Another key: The conservative base feels betrayed by politicians they elect who then turn around to pass moderate policies, and they want to see credibility from politicians. The best way to assert credibility is by picking a fight on an unpopular issue. Paul Ryan first became a national figure because he took on entitlement reform, the third rail in U.S. politics. The Tea Party admires his bravery and honesty in sticking to his conservative principles, even when much of the American media and political establishment crush him for it.
I like John Boehner, but it’s clear that he is an insider politician with little taste for serious policy wonkery. He lacks the courage to put forward an ambitious entitlement reform plan on his own. And so it was with the previous Republican speakers of the House. The Tea Party-backed Speaker Ryan, on the other hand, is serious about conservative ideas, and bold in promoting them.

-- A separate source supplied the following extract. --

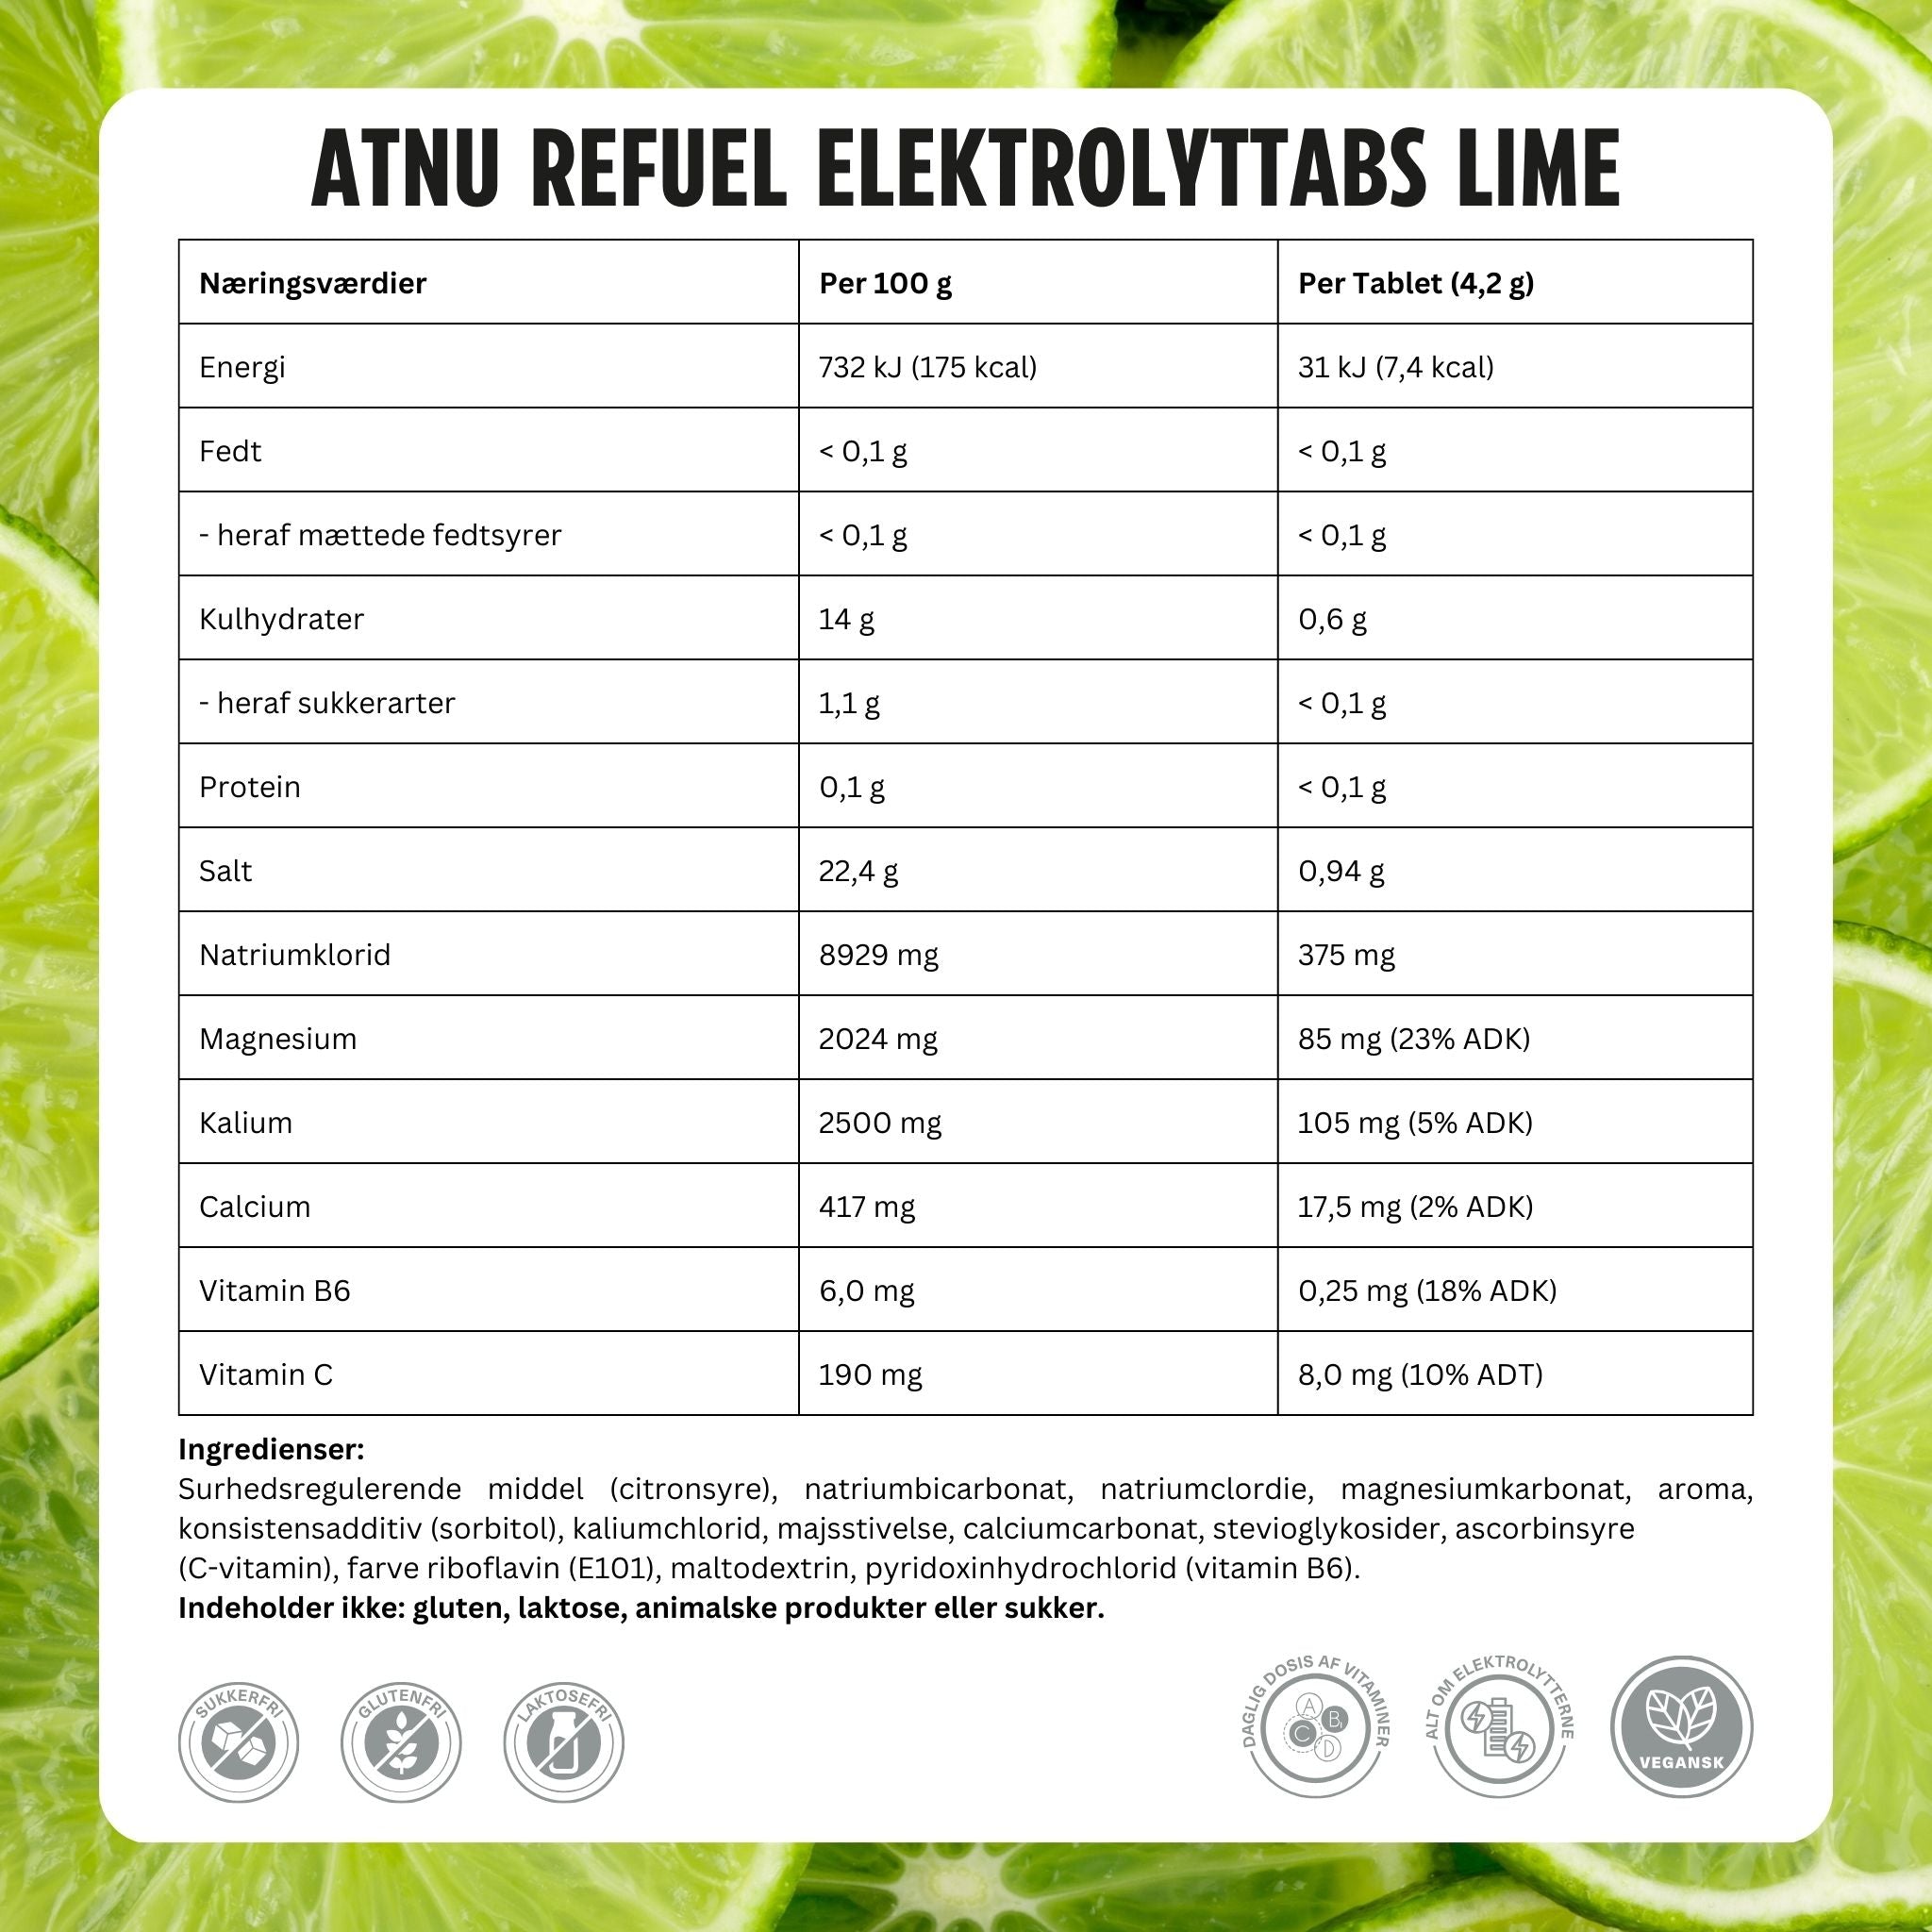 ATNU Refuel Elektrolyttabs Lime (20 tabs)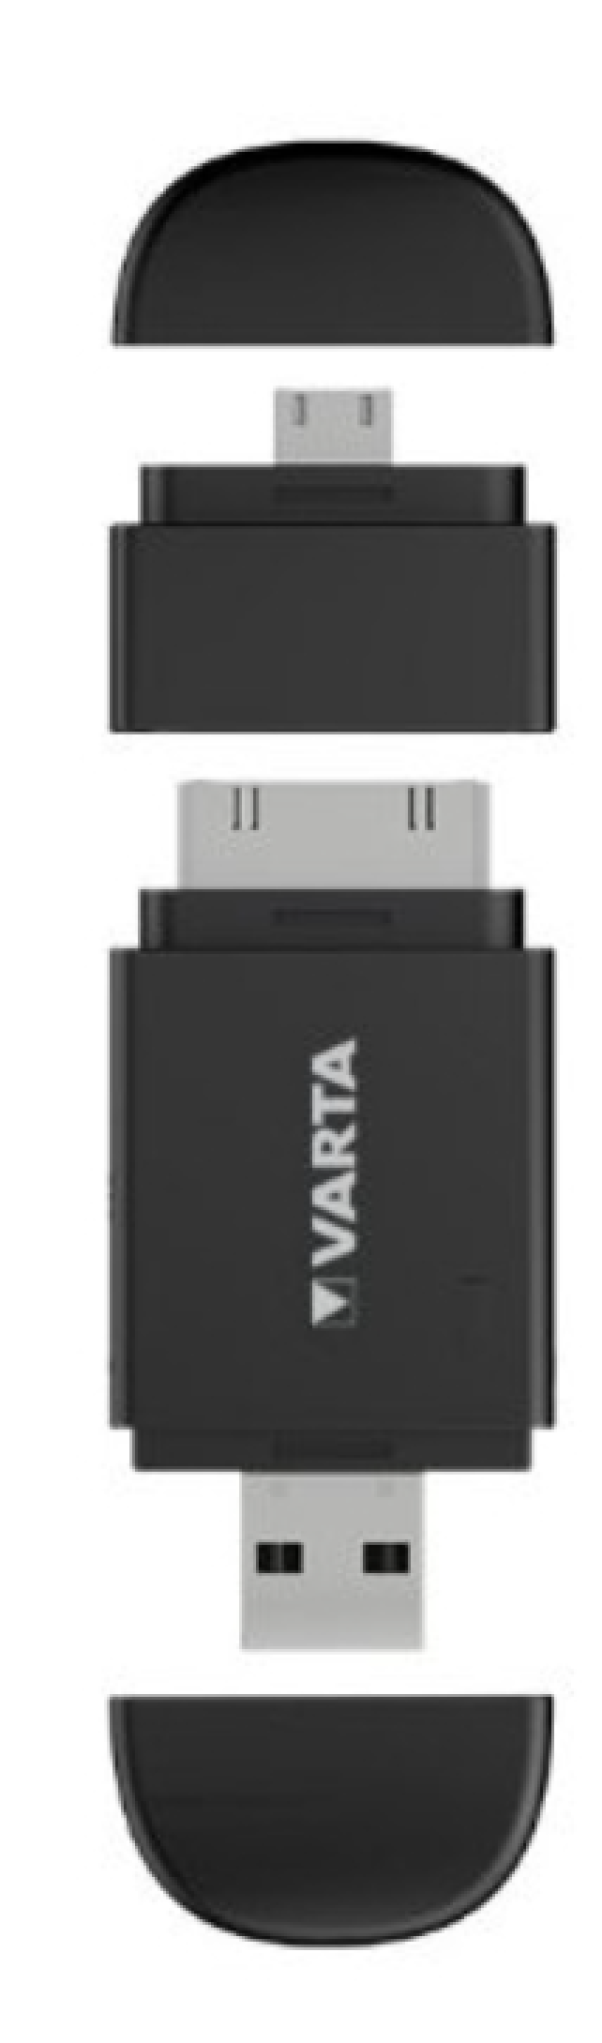 Mini caricabatterie Varta 400mAh 30x79x13,5mm nero - 57916101401 02

I point this out because this isn’t just true in the House. In general, the Tea Party has elevated a better class of politician. There’s Marco Rubio, who has put forward innovative plans on taxes, on higher education, on jobs with wage subsidies, and, at least until he got cold feet, was a leader on immigration reform (another third rail). There’s Rand Paul who, as a libertarian, is someone I don’t agree with on every issue, but certainly brings much-needed representation of that perspective in the Senate (along with the admirable libertarian Justin Amash in the House, who personally explains every single vote on his Facebook page). There’s Mike Lee who is quickly shaping up to be one of the most important policy leaders in the Senate, taking charge on everything from tax reform to criminal justice reform and even defeating the Big Government Egg Cartel in his spare time (bet you didn’t know that was a thing).
There have been a few Tea Party misfires, like Ted Cruz and that “I’m not a witch” lady, but seven years into the Tea Party, it is now clear that overall, the movement has brought to Washington a class of politicians that, whether you agree with them on the issues or not, are a refreshing improvement over their establishment predecessors.